13. Вектор по п. 12, где указанный вектор дополнительно содержит представляющий интерес полинуклеотид, причём указанный представляющий интерес полинуклеотид кодирует химерный антигенный рецептор или T-клеточный рецептор так, что когда вектор используют для трансдукции клетки-мишени, клетка-мишень коэкспрессирует химерный белок по любому из пп. 1-5 и химерный антигенный рецептор или T-клеточный рецептор.

14. Клетка млекопитающего для применения в клеточной терапии, экспрессирующая химерный белок по любому из пп. 1-5, при этом указанная клетка содержит конструкцию нуклеиновой кислоты по любому из пп. 7-10 или вектор по любому из пп. 11-13.

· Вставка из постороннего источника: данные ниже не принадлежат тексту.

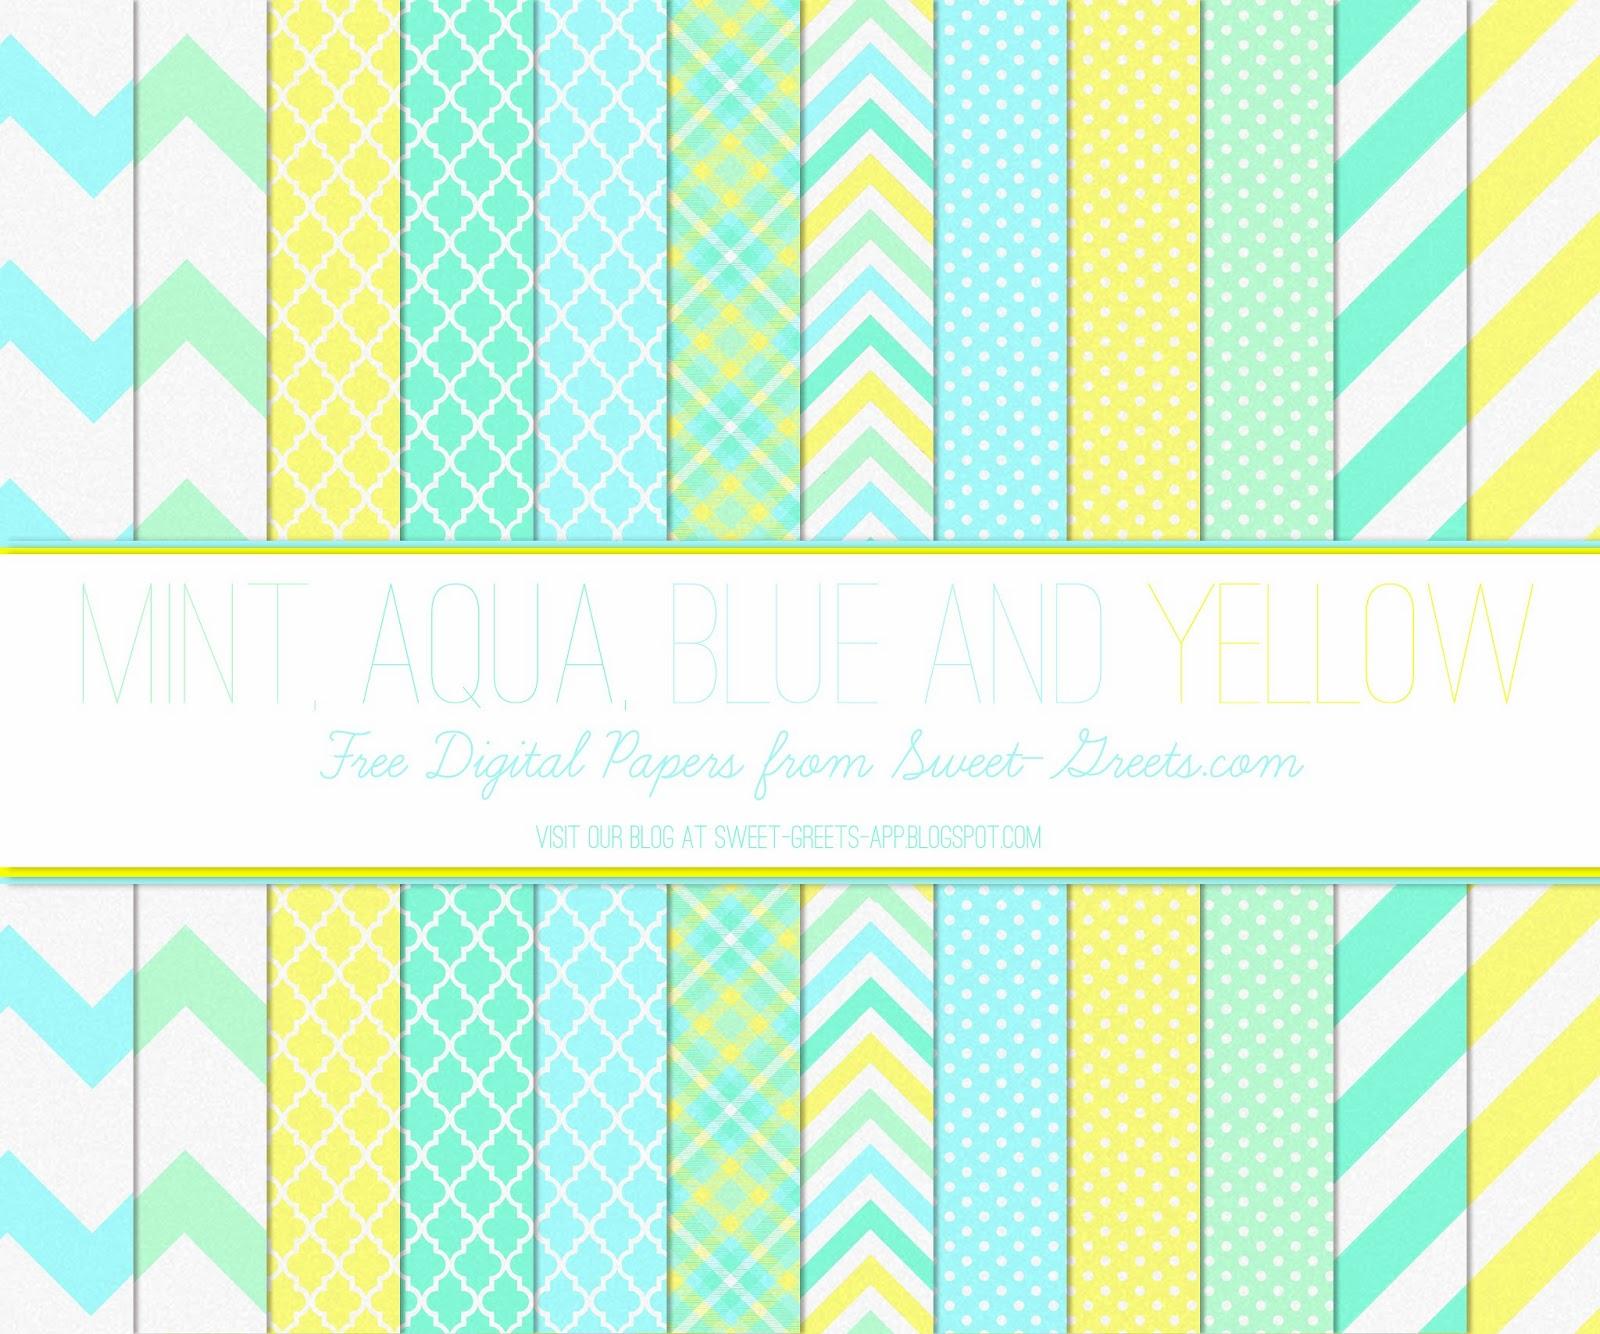 Free Digital Paper: Mint, Aqua, Blue and Yellow

15. Клетка по п. 12, которая представляет собой гемопоэтическую стволовую клетку, лимфоцит или T-клетку.

16. Способ получения клетки по любому из пп. 14-15, включающий этап трансдукции или трансфекции клетки млекопитающего конструкцией нуклеиновой кислоты по любому из пп. 7-10 или вектором по любому из пп. 11-13.

17. Способ индукции апоптоза в клетке по любому из пп. 14, 15, включающий этап воздействия на указанную клетку химическим индуктором димеризации (CID), где CID представляет собой рапамицин или аналог рапамицина.

18. Способ профилактики или лечения заболевания у индивидуума, включающий этап введения указанному индивидууму клетки по любому из пп. 14 или 15.

19. Способ по п.18, включающий следующие этапы:

(i) трансдукции или трансфекции образца клеток, выделенных у индивидуума, вектором по любому из пп. 11-13, и

(ii) введения трансдуцированных/трансфицированных клеток указанному пациенту.

20. Способ по п. 19 для лечения рака.

21. Способ профилактики или лечения у индивидуума патологического иммунного ответа, вызванного введением указанному индивидууму клетки по любому из пп. 14, 15, включающий этап введения индивидууму рапамицина или аналога рапамицина.

22. Способ по п. 21, где патологический иммунный ответ выбран из следующей группы: реакция "трансплантат против хозяина"; направленная внеопухолевая токсичность; синдром активации иммунной системы и лимфопролиферативные нарушения.

23. Способ лечения заболевания у индивидуума по п. 18, который включает следующие этапы:

(i) введение указанному индивидууму клетки по любому из пп. 14 или 15;

(ii) мониторинг развития у указанного индивидуума патологического иммунного ответа; и

(iii) введение указанному индивидууму рапамицина или аналога рапамицина, если указанный индивидуум демонстрирует признаки развития или наличие развитого патологического иммунного ответа.

24. Применение клетки по любому из пп. 14 или 15 в трансплантации гемопоэтических стволовых клеток, инфузии лимфоцитов или адоптивном переносе клеток.

25. Применение рапамицина или аналога рапамицина в профилактике или лечении патологического иммунного ответа, вызванного введением индивидууму клетки по любому из пп. 14 или 15.

26. Вектор для трансдукции молекулы нуклеиновой кислоты, которая кодирует химерный белок по любому из пп. 1-5 в клетку, при этом указанный вектор содержит молекулу нуклеиновой кислоты по п. 6.